When integrating OpenAI models, such as GPT-4, with a vector store, we encounter a unique challenge. This challenge primarily revolves around the process of Retrieval Augmented Generation (RAG). In this process, the model interacts with the vector store to retrieve specific knowledge chunks to answer a particular question from the user. This interaction presents a complex problem for the developer in terms of an effective chunking, sorting, and retrieval data strategy.

**🔍 The Challenges:**

**Data Chunking and Sorting:**

+ **Determining Optimal Chunk Size**: Deciding the appropriate size for document chunks is crucial. Too large, and the chunks may exceed the model's context window, leading to loss of information; too small, and they may lack sufficient context.

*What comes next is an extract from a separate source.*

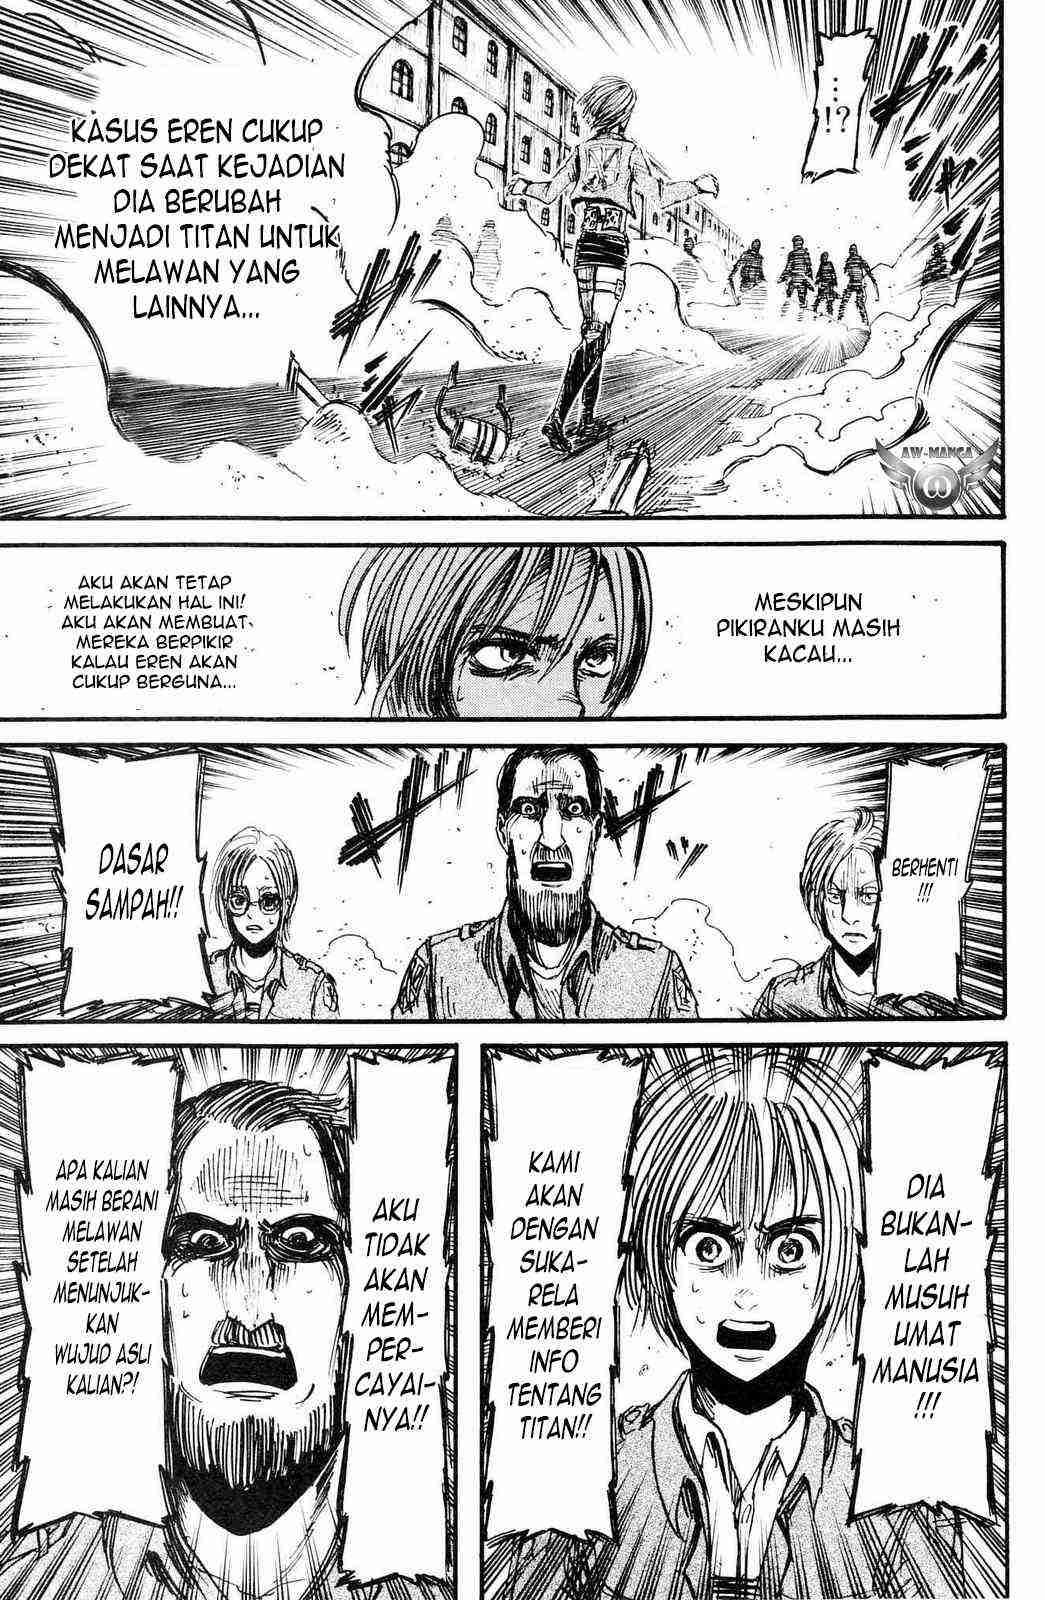 Komik shingeki no kyojin 011 12 Indonesia shingeki no kyojin 011 Terbaru 35|Baca Manga Komik Indonesia|

+ **Effective Sorting Strategies**: Sorting these chunks for efficient retrieval is another challenge. The sorting mechanism needs to ensure that the most relevant chunks are prioritized.

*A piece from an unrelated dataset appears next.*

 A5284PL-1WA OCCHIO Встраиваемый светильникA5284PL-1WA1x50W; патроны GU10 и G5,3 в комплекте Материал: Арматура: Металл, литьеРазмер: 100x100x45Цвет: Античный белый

+ **Overlap Consideration**: Implementing overlapping chunks can be vital. It ensures continuity and context preservation, especially when dealing with long documents or complex topics.

**The Impact: Fragmented Information**

This fragmentation becomes particularly noticeable when similar terms appear across different sections of a document. The system may inadvertently mix up data from unrelated contexts, leading to potential confusion and misinformation. Additionally, the relevance of retrieved information can vary significantly based on how well the chunking and sorting strategy has been implemented.

## 💡 Solution

Incorporate Azure Search as the vector database, employing an overlapping chunking strategy for enhanced performance using `TextChunkingIndexing`.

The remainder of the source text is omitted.